The move comes a few weeks after the asset manager announced it had rebranded as Hermes Investment Management.

Hermes was established as Hermes Fund Managers in 1983 and is owned by the BT Pension Scheme, the UK’s largest corporate pension scheme.

However, according to BT Group’s latest report and accounts, the scheme has a sizeable deficit, and its pension scheme repayment plan has cost the Group significantly over the past three years.

Its 2014 report and accounts claim that before specific items, the group made a profit of £2.2bn. However, after specific items revealed in notes 8 and 19 as including restructuring charges and pension liability repayments, the group made a loss of £196m.

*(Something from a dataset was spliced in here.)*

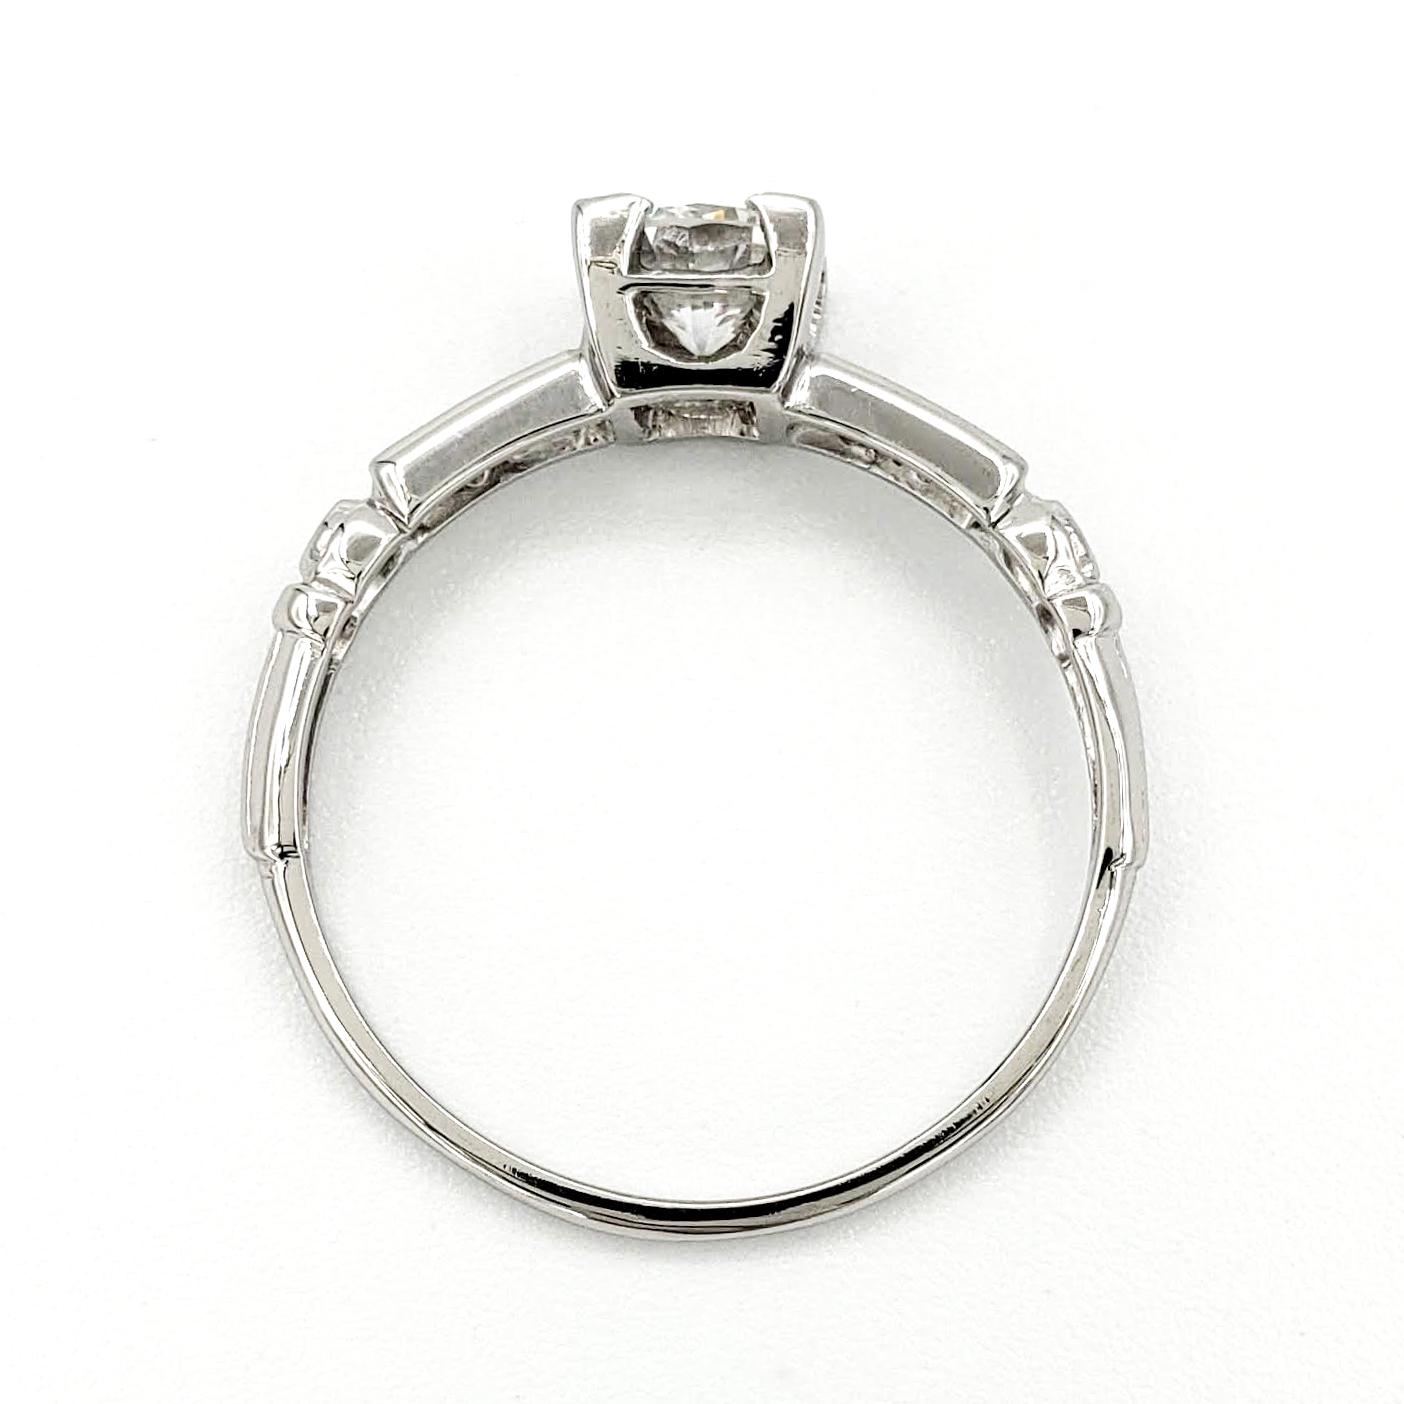 vintage-platinum-engagement-ring-with-0-42-carat-round-brilliant-cut-diamond-egl-e-vs2

In May 2012, after the pension funding deficit was revealed to be £3.9bn in June 2011, the Group set up a special repayment plan.

At the 2014 valuation, after injections of £2bn in March 2012, £325m in March 2013 and £325m in March 2104, and including interest earned, the deficit is estimated to be £1.7bn.

Note 8 showed the 2014 interest expense on retirement benefit obligations was £235m.

Background

Last week, the European Court of Justice ordered BT Plc and the BT Pension Scheme Trustees to pay costs towards the Pension Protection Fund.

The BTPS had been given a Crown Guarantee, allowing BT a backstop to meet funding obligations to all members of its pension. However, judges at the ECJ said this protection did not mean that BT Plc and BTPS were exempt from paying the expected levy to the PPF.

Right to reply

When asked, a spokesman for Hermes Investment Management said there would be “no comment at this time”.